Of course, not all sides even agree that healthcare reform truly induces corporate consolidation. The most commonly cited example of the law's role in consolidation is its support for accountable care organizations. Made up of groups of healthcare providers, ACOs receive financial rewards for working together to meet quality targets and reducing the overall healthcare costs for a specific population of Medicare patients.

FTC healthcare timeline
In an unusual move, the Justice Department and the FTC jointly developed antitrust enforcement guidance for ACOs in the Medicare Shared Savings program, defining some types of collaborative conduct that could still be illegal. The agencies also created a voluntary review process for proposed ACOs, though FTC officials said last week that they have received only a “limited” number of such requests and have issued no responses yet.

The law also supports patient-centered medical homes, a concept of collaborative physician care that relies heavily on costly electronic patient records. It mandates the establishment of pilot programs for bundled payments, which pay uniform rates for “episodes of care” rather than padding profits through individual line items in a bill. And it mandates financial penalties for lower quality care through value-based purchasing, which demands sophisticated information technology to track.

However, none of those provisions requires providers to get bigger or merge. ACOs can be formed through contracts among competitors, and hospitals and physician practices with solid management and financing can buy the technology and implement the practices to meet quality goals independently.

Dr. Donald Berwick—the former acting CMS administrator and co-author of the health reform paradigm known as the “Triple Aim,” whose concepts are incorporated in the reform law—disputed the notion that healthcare reform must lead to bigger corporations.

“The theme is cooperation. Yes, there is a ton of stuff in the Affordable Care Act that encourages better coordination of care for individuals,” Berwick said.

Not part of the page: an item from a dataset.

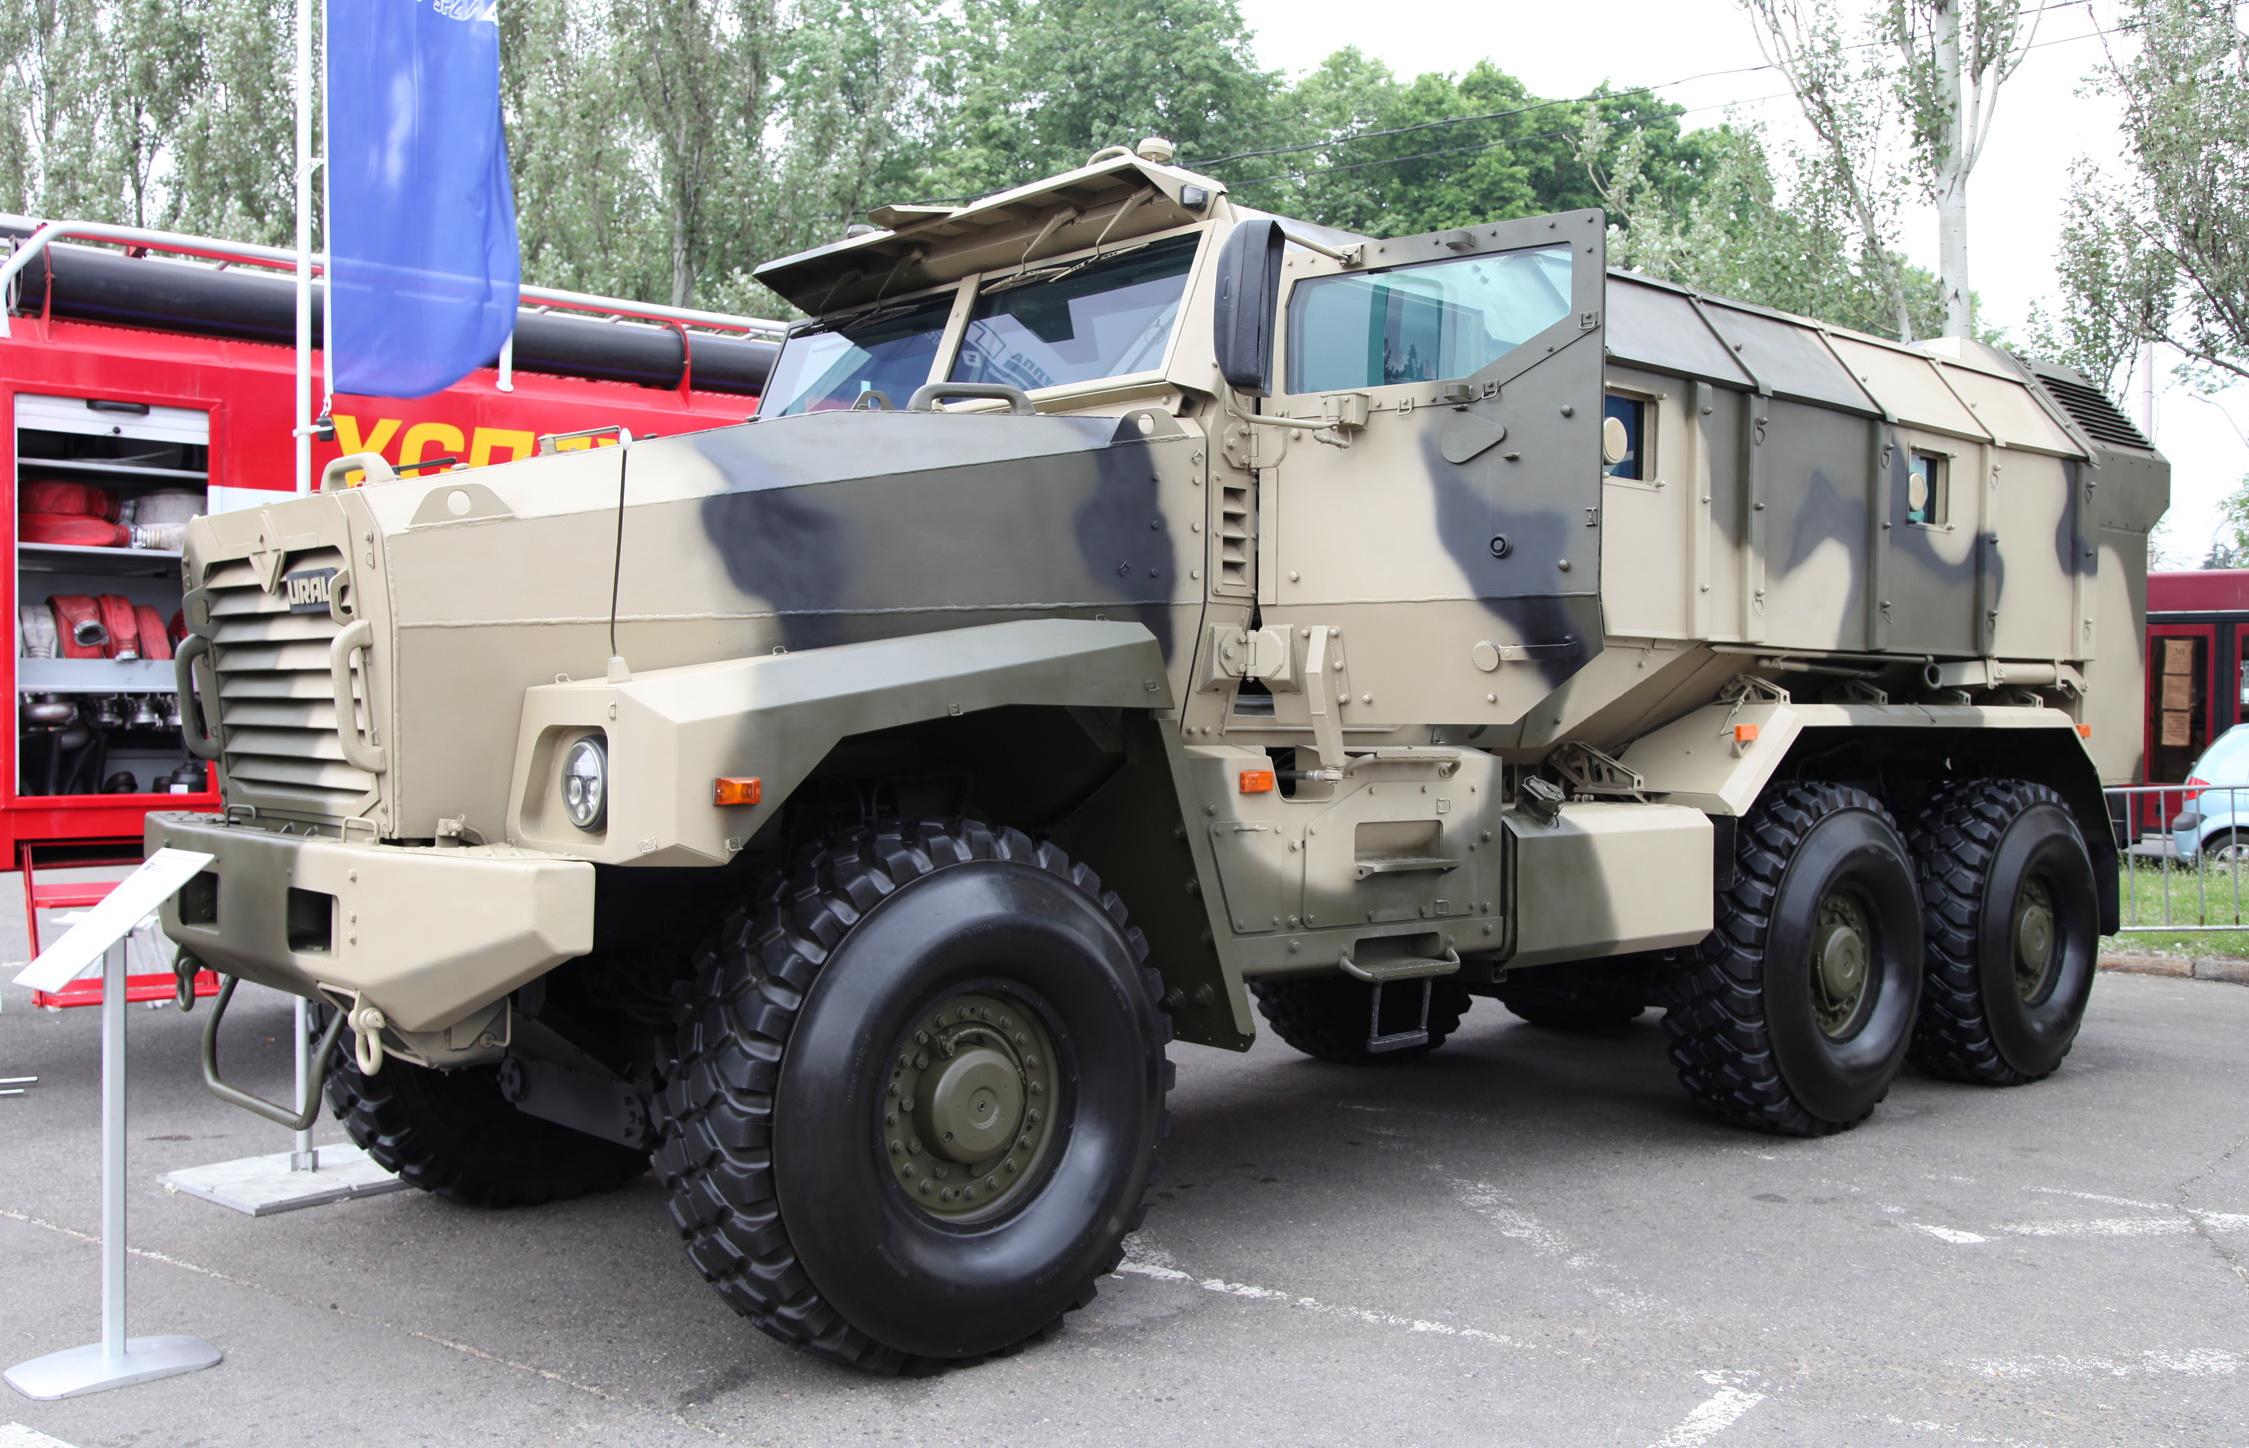 Ural Typhoon | Military Wiki | FANDOM powered by Wikia

But, he added, “cooperation is not the same as total financial integration.”

Another well-known healthcare thinker who supported the reform law, Massachusetts Institute of Technology economics professor Jonathan Gruber, disagreed with Berwick on the question of whether the Affordable Care Act encourages consolidation of providers.

“I think it probably does, in the sense that the idea of the law is to move toward more integrated care and more bundled care, and that happens more naturally in consolidated entities,” said Gruber, who is also director of the National Bureau of Economic Research's Health Care Program.

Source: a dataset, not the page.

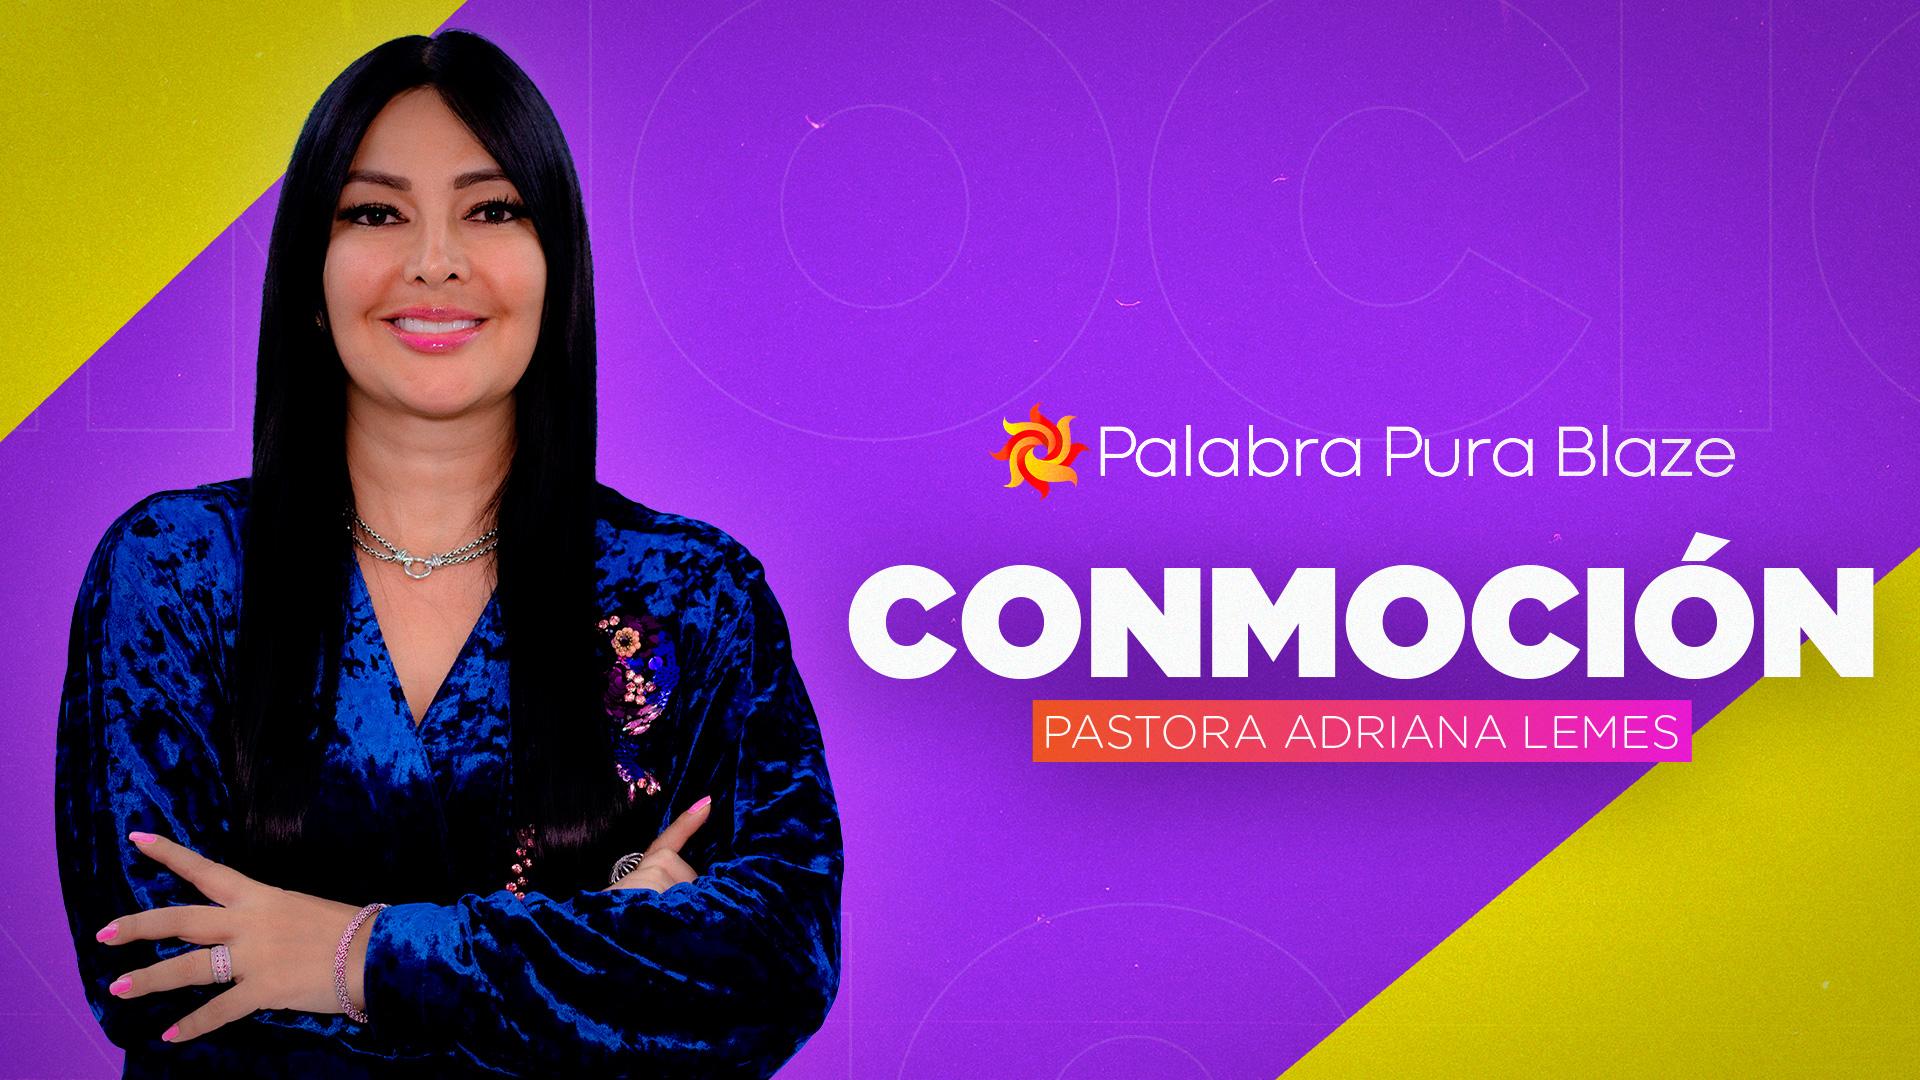 CONMOCIÓN

But the federal inducements toward corporate consolidations extend beyond the reform law. For example, the anti-kickback statute and the Stark law create huge potential legal risks for hospitals working with nonemployed physicians. And antitrust laws prohibit independent providers from negotiating jointly with payers unless they can credibly argue the arrangement falls within a “safety zone” for clinical integration.

And then there's federal payment policy. Pate, who is a lawyer and a physician in addition to being president and CEO of Idaho's largest nongovernment employer, St. Luke's Health System, said Congress' ever-looming threat to cut physicians' and hospitals' Medicare rates also drives mergers.

“All the healthcare providers are bracing because we know that the cuts are coming,” Pate said, mentioning the debates over the Medicare sustainable growth-rate formula for physicians and the threat of a 2% across-the-board cut in Medicare rates under the Budget Control Act of 2011. “If that's the case, and you want to weather that storm, what you do is you achieve size that allows you to leverage your cost. … Consolidation is a natural response to threatened cuts.”

Pate lamented that providers cannot ever know with total certainty whether any given transaction will be challenged by the government. “You can't know ahead of time whether something is or is not OK,” he said. “There are certain extremes where you can know if something is extreme or perfectly OK, but there is a wide range of possibilities in between.”